Norton Figueiredo Corrêa – Pouco
expressivo, especialmente porque são duas visões de mundo opostas e
inconciliáveis. Tal constatação me surgiu com base no conhecimento da cosmovisão
cristã-católica, que aprendi em família (mas principalmente nas leituras da
Bíblia e do catecismo, nas aulas de religião, no velho Colégio Anchieta) e das
longas observações que fiz sobre o batuque. A visão católica, desenvolvida por
Santo Agostinho através dos escritos de Platão, prega que o destino da alma
está relacionado ao que o indivíduo faz em vida. É o que batizei de
"efeito-gangorra": se conceder tudo o que o corpo quer (em última
análise, o prazer), a alma vai para inferno. Ao contrário, se se reprimem
os desejos do corpo, vai para o céu. Em última análise, a dor redime (a maioria
dos santos foram para o céu porque sofreram), e o prazer condena.
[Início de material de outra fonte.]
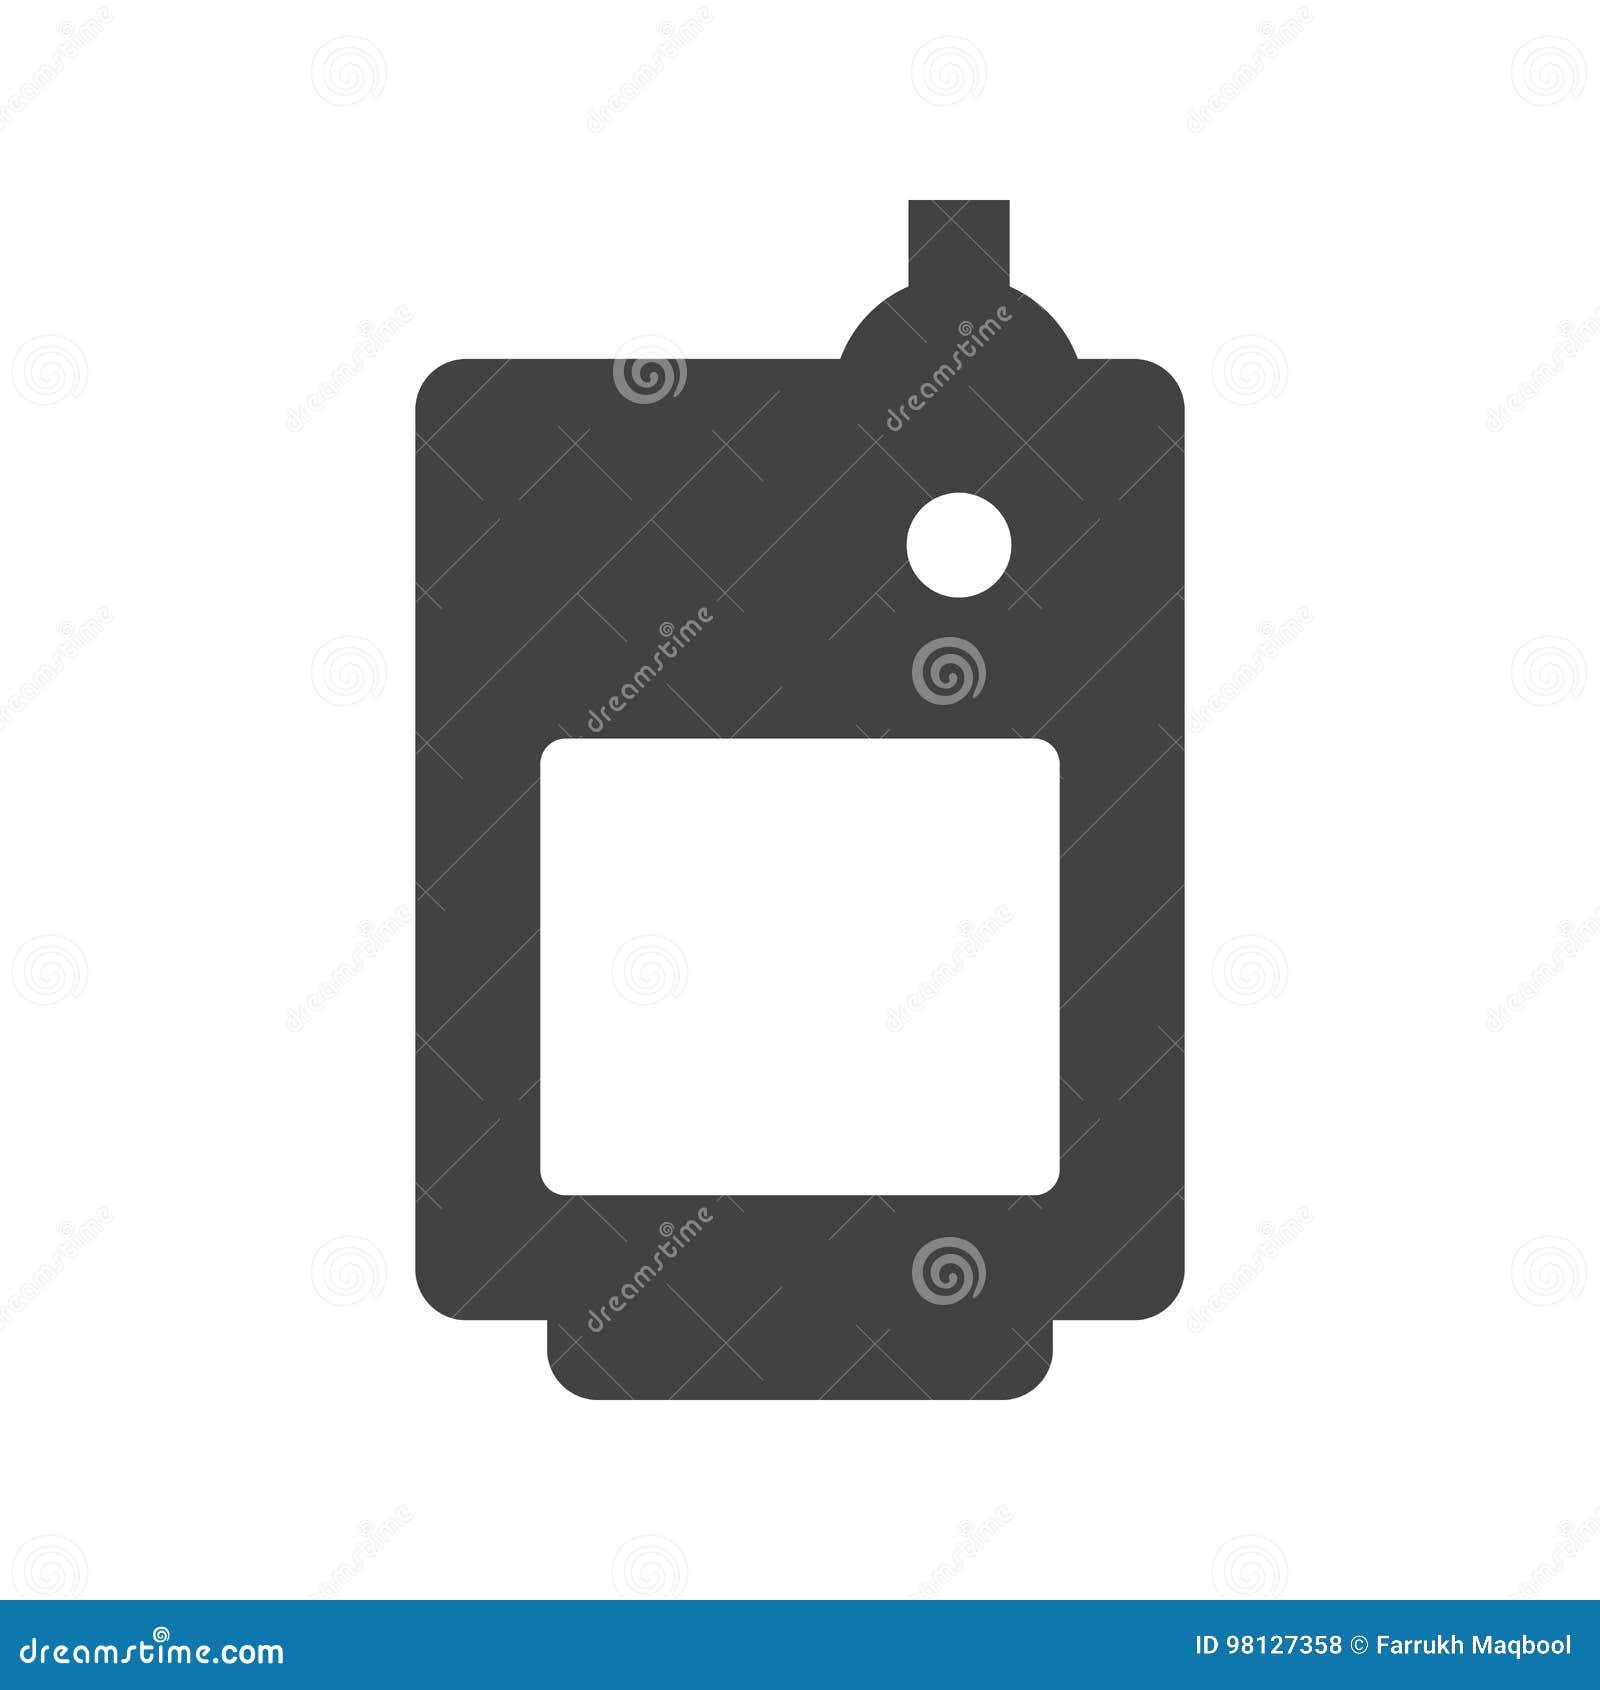 Solid Fuel Boiler stock vector. Illustration of winter - 98127358

Na visão de mundo religiosa
afro-brasileira, o destino da alma independe das atitudes do indivíduo em vida:
fica vagando, vai para os cemitérios ou se instala numa pequena casinha, o
balé, existente nos templos. Como não existe o efeito-gangorra, o prazer não é
condenado; pelo contrário, a vida é para ser bem vivida, em todos os sentidos.
Os respectivos panteões ilustram tais realidades: por exemplo, enquanto a
sexualidade é condenada no catolicismo (e no céu também não existe sexo),
os deuses afro-brasileiros namoram as deusas. As representações sobre o céu
remetem à imobilidade (como a missa), mas as referentes aos orixás mostram-nos
em movimento: cumprindo certas atividades, guerreando, amando, movimentando-se
por certos lugares que lhes são consagrados. Mas o que mais gostam
verdadeiramente é de dançar. Para isso, tomam conta dos corpos e mentes de seus
filhos espirituais humanos, dançando através deles nas solenidades religiosas
realizadas em sua homenagem. Por isso, afirmo que são cosmovisões muito
diversas, opostas.
Graças a tudo isso é que, no meu
entender, não tem sentido o que as igrejas cristãs chamam de evangelização,
pois não passa pela cabeça de um religioso afro-brasileiro a ideia de que se
deve, como Cristo, optar pela dor e pelo sacrifício para salvar a própria
alma. Tais questões, igualmente, é que impedem, também em minha opinião,
a efetivação de um verdadeiro ecumenismo, na mais ampla acepção do termo.
A não ser que, antes de tudo, seja reconhecido que há uma enorme assimetria de
poder, social e culturalmente falando, entre as religiões cristãs – e, no caso,
a católica – e as afro-brasileiras. E, segundo, que o termo se traduza pelo
mais amplo, total e irrestrito respeito às diferenças e à visão de mundo de
cada um.
Quais são os conflitos intra e
extrarreligiosos do batuque? Poderia exemplificar?
Norton Figueiredo Corrêa – Os
conflitos internos, entre integrantes do mesmo templo e entre os templos,
devem-se, em boa parte, à estrutura de sua organização: os templos são unidades
hierarquizadas e que permitem a ascensão do fiel aos cargos e posições de
prestígio e mando, que têm como ápice o sacerdócio e a abertura de um templo
para si. A situação é semelhante entre os templos, pois há uma certa hierarquia
e possibilidade de ascensão em matéria de prestígio, na comunidade, trazida
também pela visibilidade interna, mas que podem ser potenciadas pela externa,
junto à sociedade envolvente.
Quais são os principais desafios
para o negro hoje, dentro do tipo de sociedade em que vivemos?
Norton Figueiredo Corrêa – O
principal desafio para o negro, hoje, é batalhar, individual e
coletivamente, para superar os obstáculos, especialmente o racismo e a
discriminação racial que lhe são postos pela sociedade.